As for Bloom's political observations, regrettably, he's absolutely correct. Movement conservatism, particularly the far right, authoritarian strain that dominates these days, is mean, reckless, ferociously anti-intellectual, and occasionally downright nihilistic. While I would prefer to keep the arts separate from politics, the unfortunate fact remains that the arts, education and at times empiricism itself are being assaulted by this breed of conservatives. As long as they keep doing so, it's not only fair to point it out – it's essential. We've examined their mentality before, and surely will again (Roy Edroso often does). Art is capable of saying more than one thing at a time, and deals with nuance and ambiguity. Good art often encourages self-reflection, thoughtfulness, attentiveness and empathy. It'll keep ya honest. For all these reasons, authoritarians hate it, and if they use art at all, they try to shackle it to narrow, propagandistic goals. In one sense, treating the arts this way is their loss, but the problem is their burning desire to inflict that loss on everybody else as well.
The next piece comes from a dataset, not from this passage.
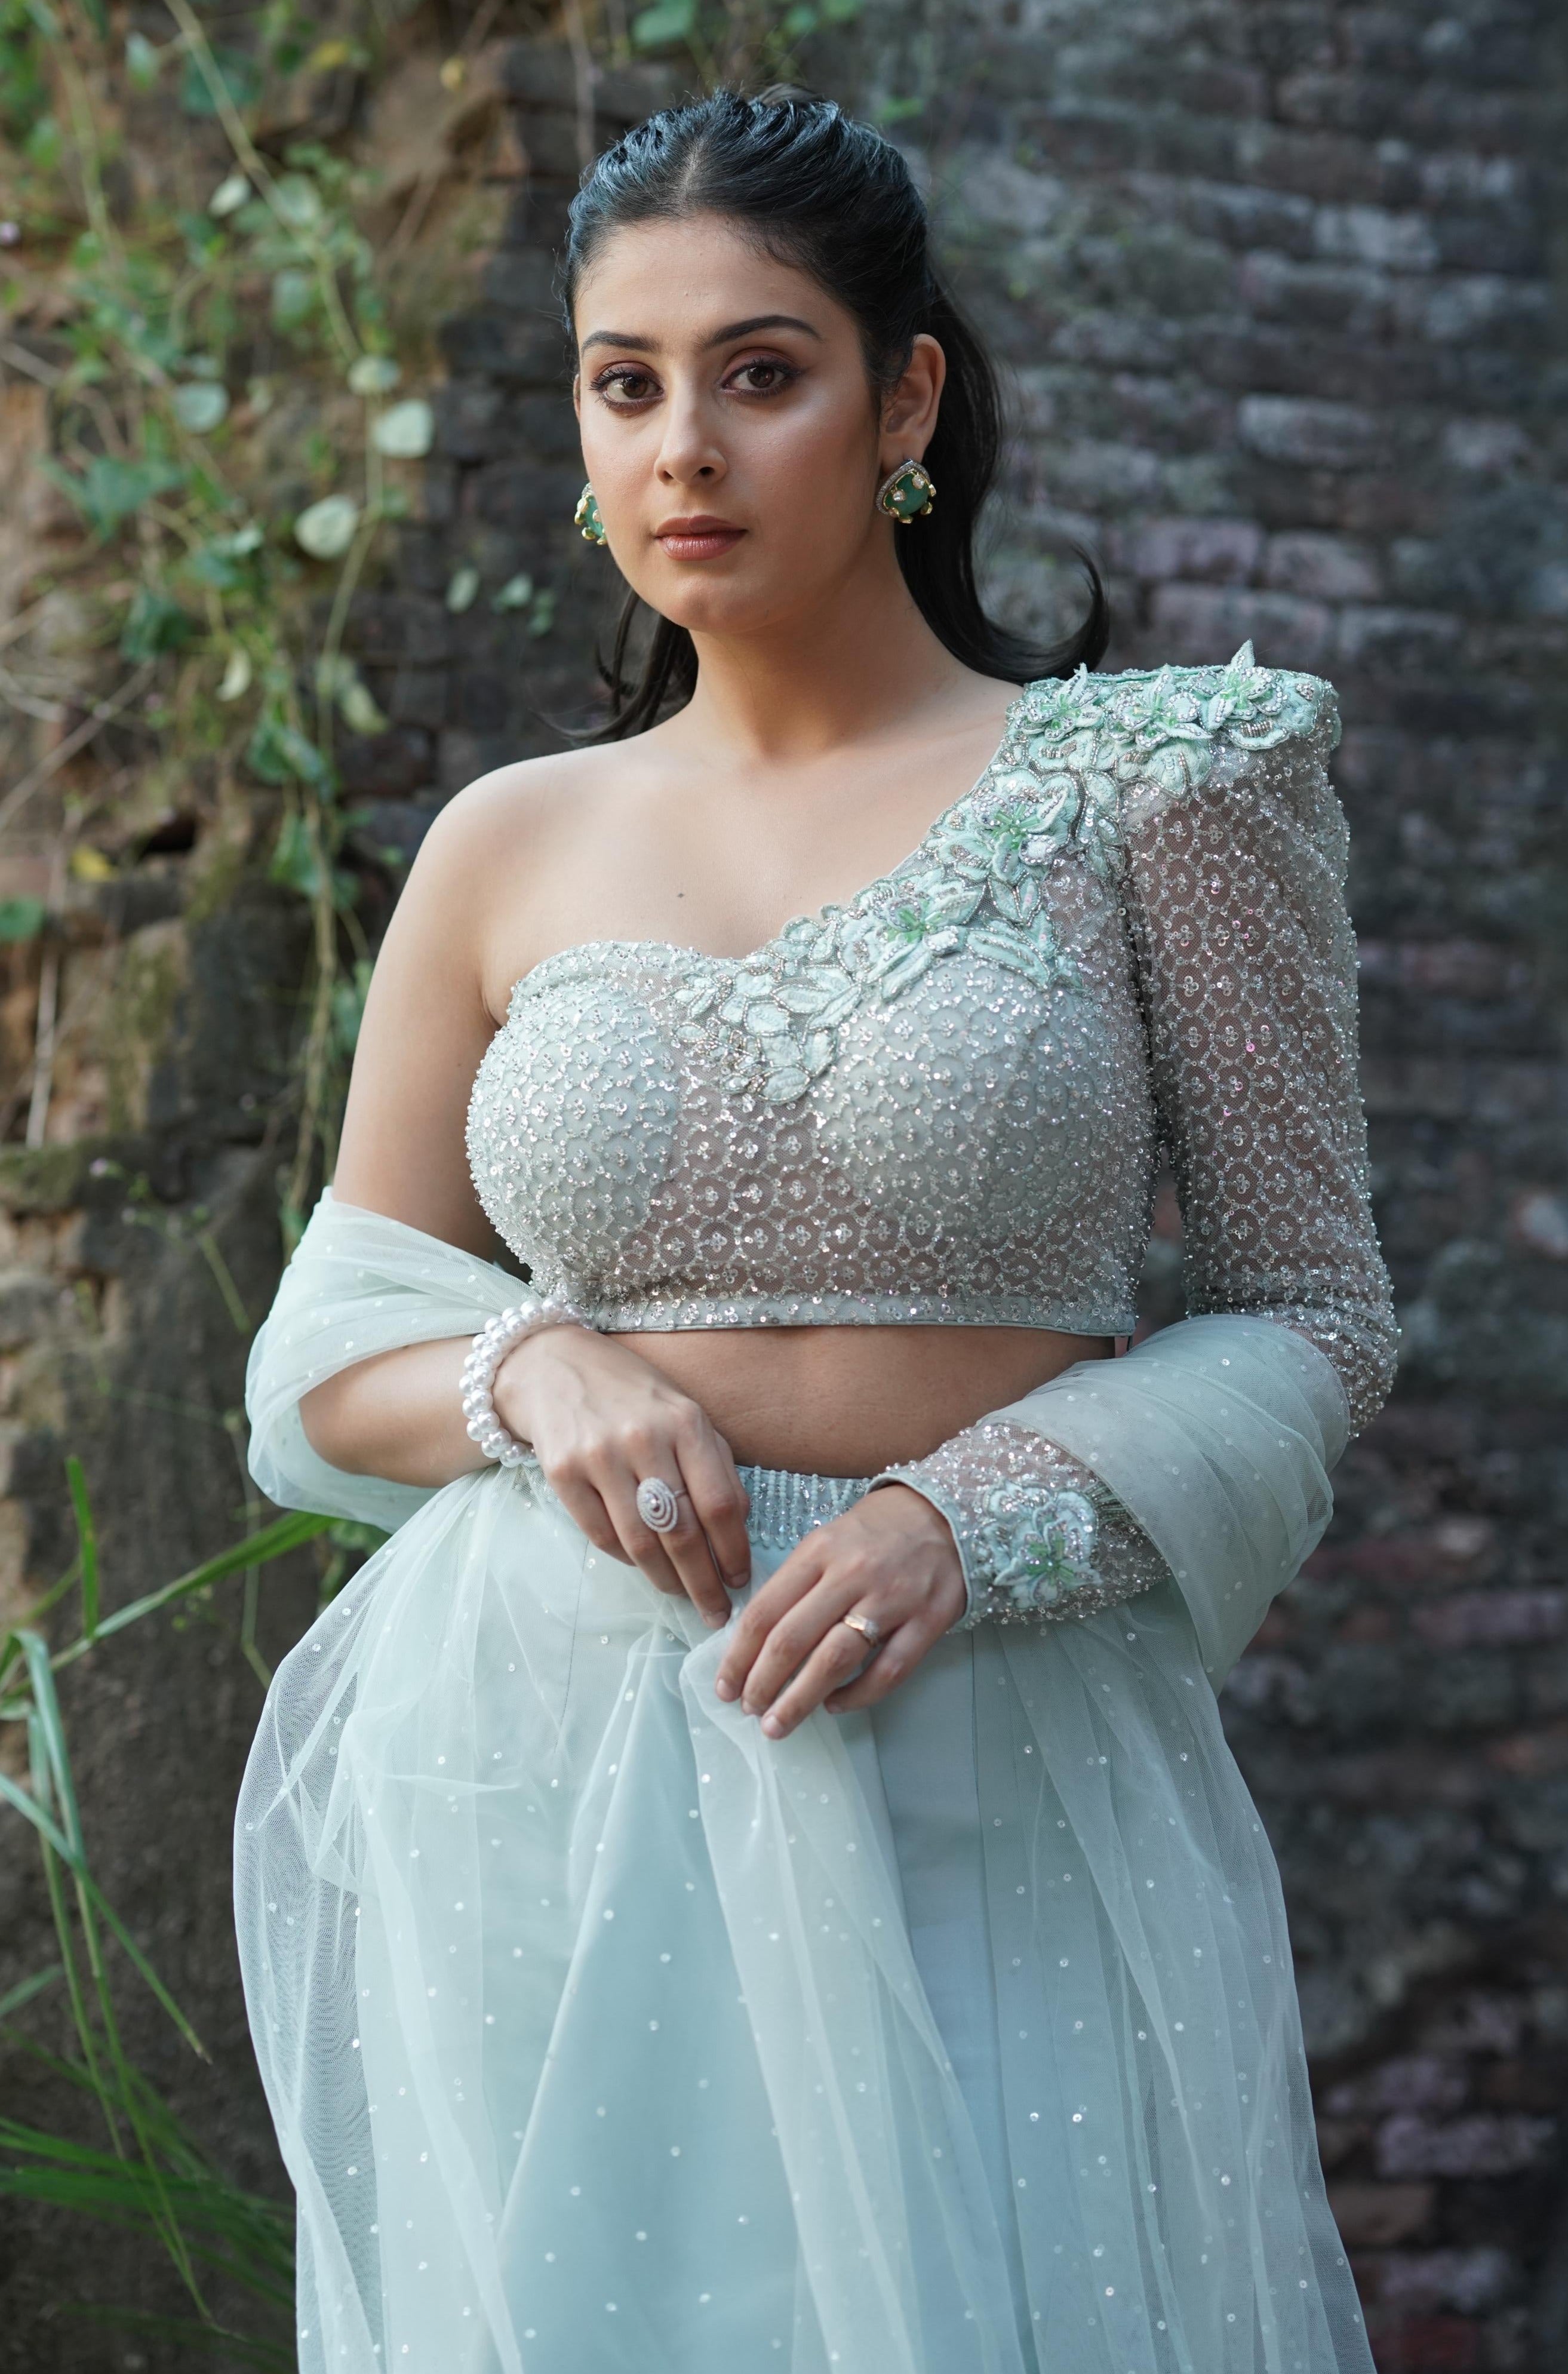 Mermaid Inspired Fusion Wear - Isha Malviya's Choice
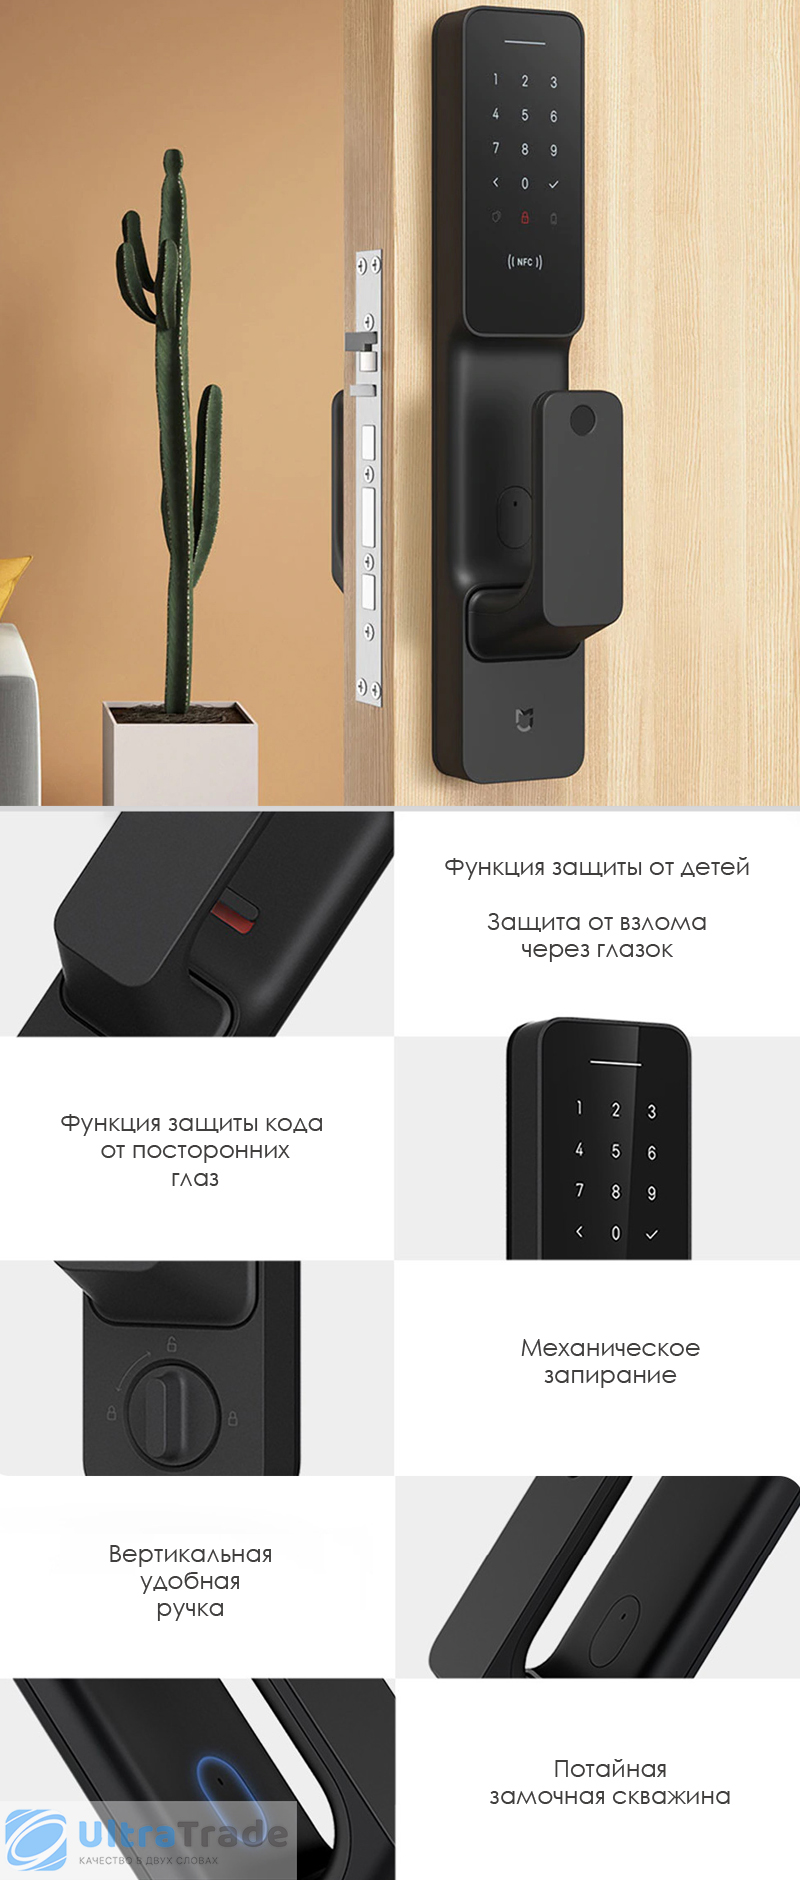 Умный дверной замок Xiaomi Mi Home Smart Lock Push Pull Black (MJZNMST01YD)

However, as Bloom says, poetry can be a 'refuge from the bombardment' of the current climate. George Orwell wrote that "A thing is funny when it upsets the established order. Every joke is a tiny revolution." The same is true of much art, and certainly many a good poem. The reason to Sing the Body Electric isn't to make a teabagger cry – but it is a nice bonus.
Thanks, B. I wonder if it would be acceptable to say politics is, also, art. A ballet form designed to move the author's ideas to a wider audience. All protagonists move in the same arc of interaction with many antagonists,, except, in politics, the antagonists are all similar. To make any sense of the political theater we see today, all one must do is see a "reality" show on television and understand the drive for power among the characters. The art is in the story and performance delivery.
ReplyDeleteGeoffrey Nunberg compared political talk shows and the guests they book to sitcoms, with "types" playing certain roles. There's a great deal of truth to that. There's also the saying the politics is show biz for ugly people. There's also truth to that. But oddly enough, as an actor pal of mine has pointed out, most politicians are awful at giving speeches. They're better than average people, perhaps, but most can't do it as well as a halfway decent actor.